Massachusetts cell-phone ban law in the works

Massachusetts residents take note: In June, Boston.com reported that a driver hand-held cellphone ban moves closer to becoming law. The Senate and the House have both approved versions of the law and must now reach agreement on a compromise bill. But be aware that proposed fines are costly:

The bill calls for a fine of $100 for a first offense, $250 for a second offense and $500 for a subsequent offense. Those who commit a second or subsequent offense would be required to complete a program that “encourages a change in driver behavior and attitude about distracted driving.”

A third or subsequent violation would also be a considered a surchargeable incident under car insurance policies. The bill would allow an exception to using cellphones in the case of an emergency if no one else in the car is able to make the call.

Driving & cellphone use laws by state

Here’s a handy tool to bookmark: The Insurance Institute for Highway Safety (IIHS) maintains a summary of cell-phone use laws with maps and a detailed chart listing of cellphone use laws by state.

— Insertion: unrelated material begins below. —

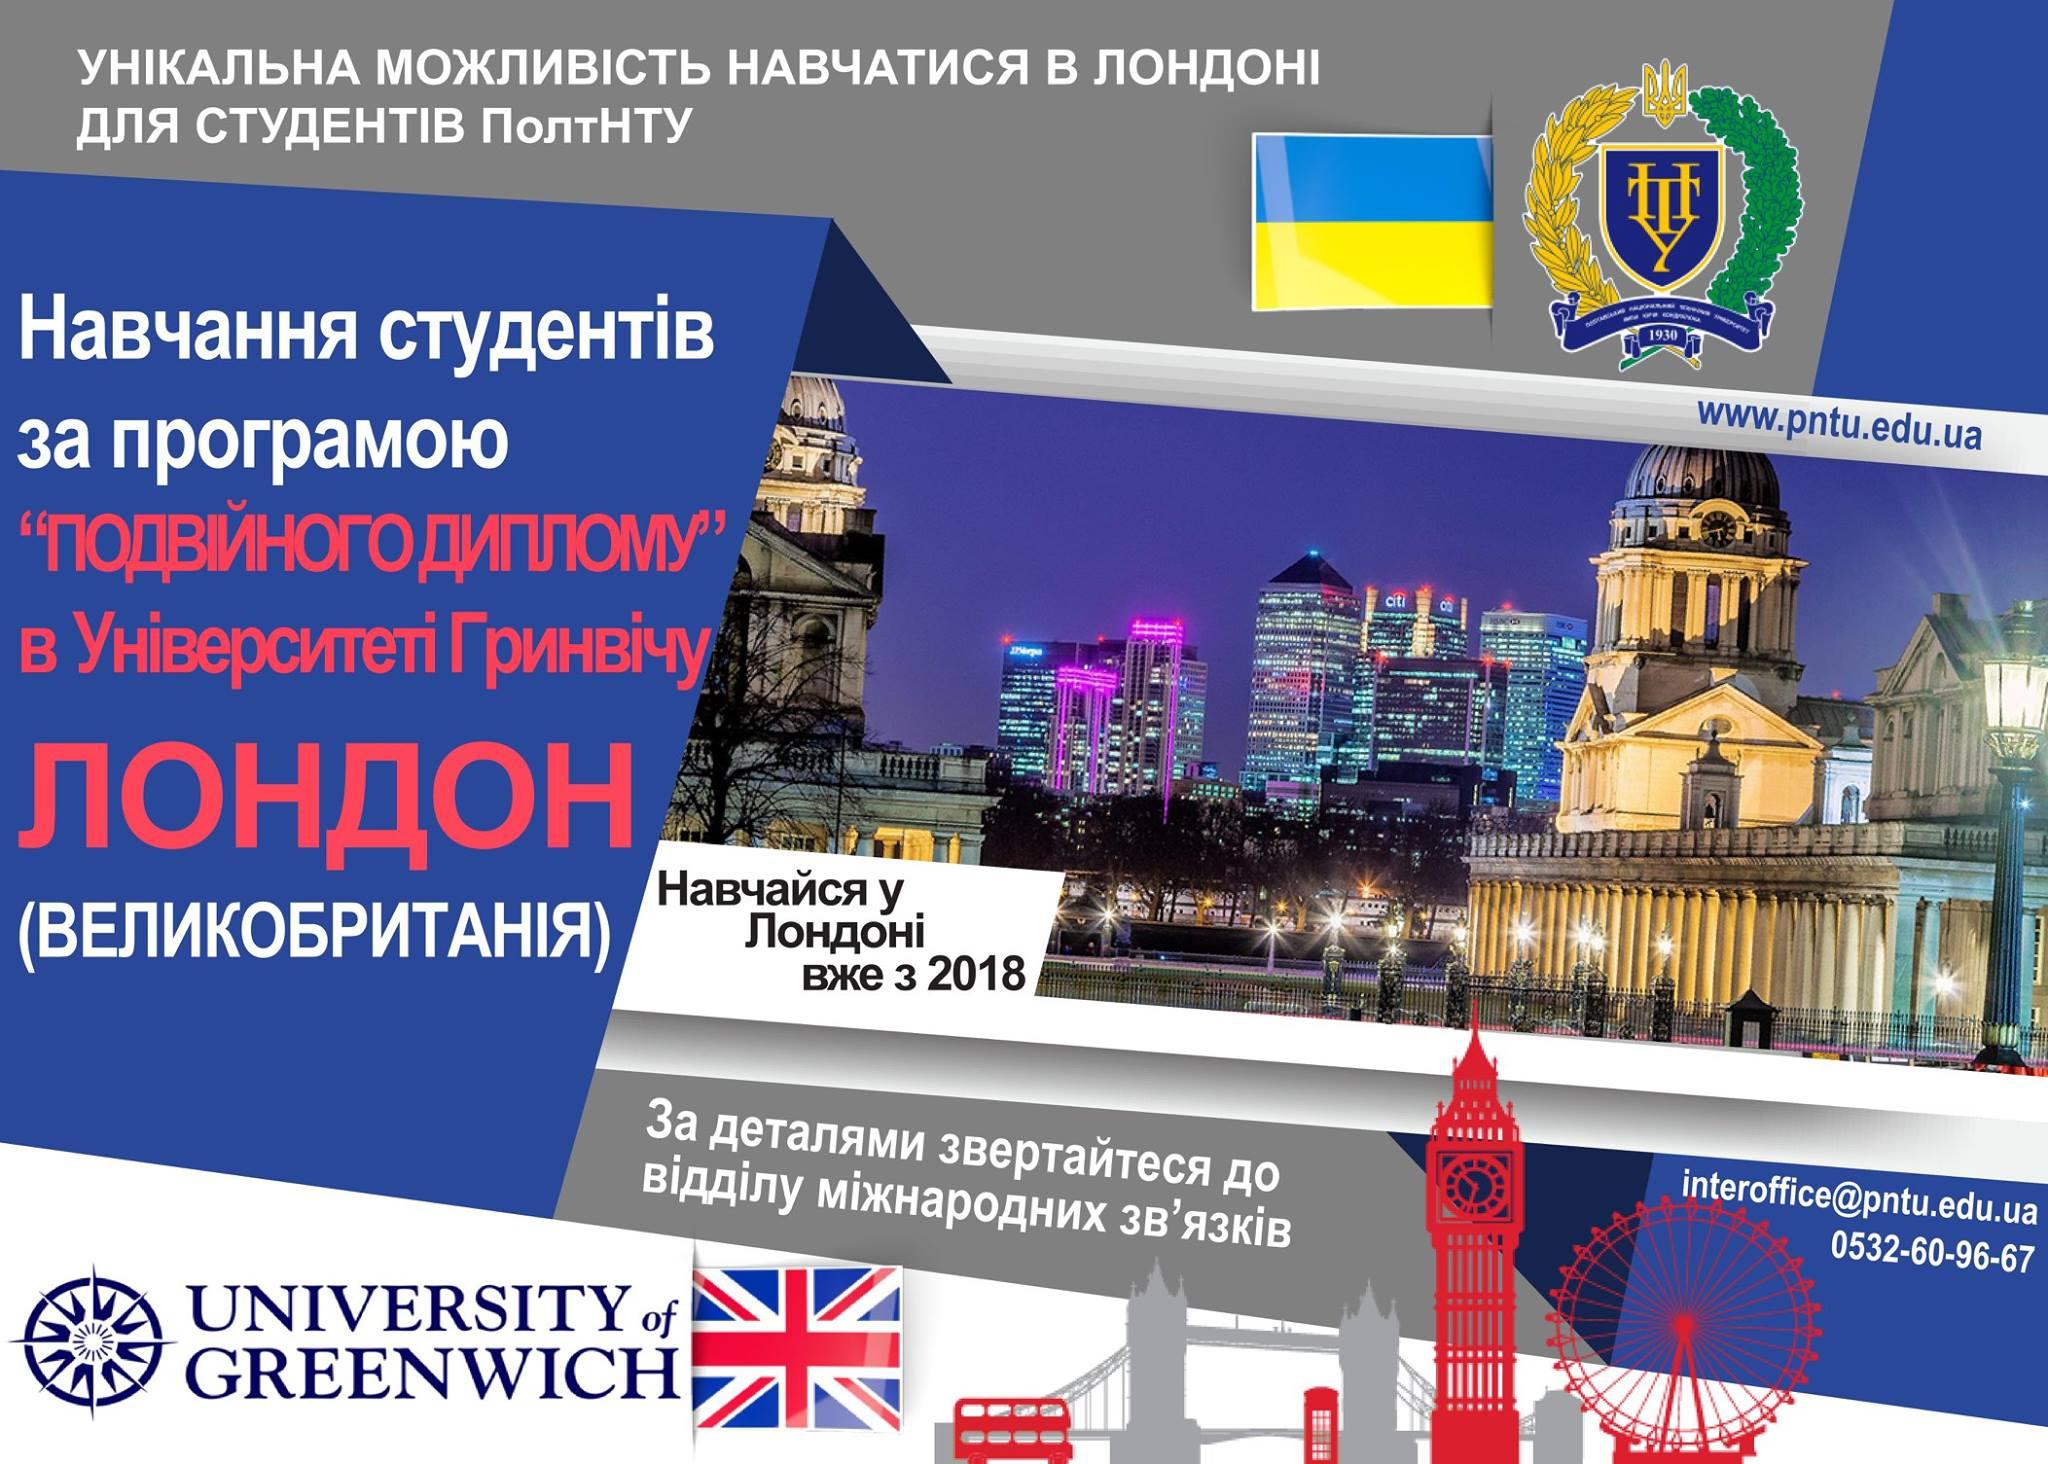 """Унікальна можливість навчатися в Лондоні (Великобританія) за програмою """"подвійного"""" диплому для студентів ПолтНТУ!"""

They summarize three types of prohibitions for cellphone use laws:

  • Hand-held ban laws: Bans on hand-held phone conversations while driving are widespread in other countries and are becoming more common in the U.S. In 2001, New York became the first state to ban hand-held phone conversations by all drivers. Now 20 states and the District of Columbia have similar laws.
  • Texting ban laws: Texting is banned for all drivers in 48 states and the District of Columbia.
  • Young driver phone ban use laws: 38 states and the District of Columbia restrict cellphone use by young drivers.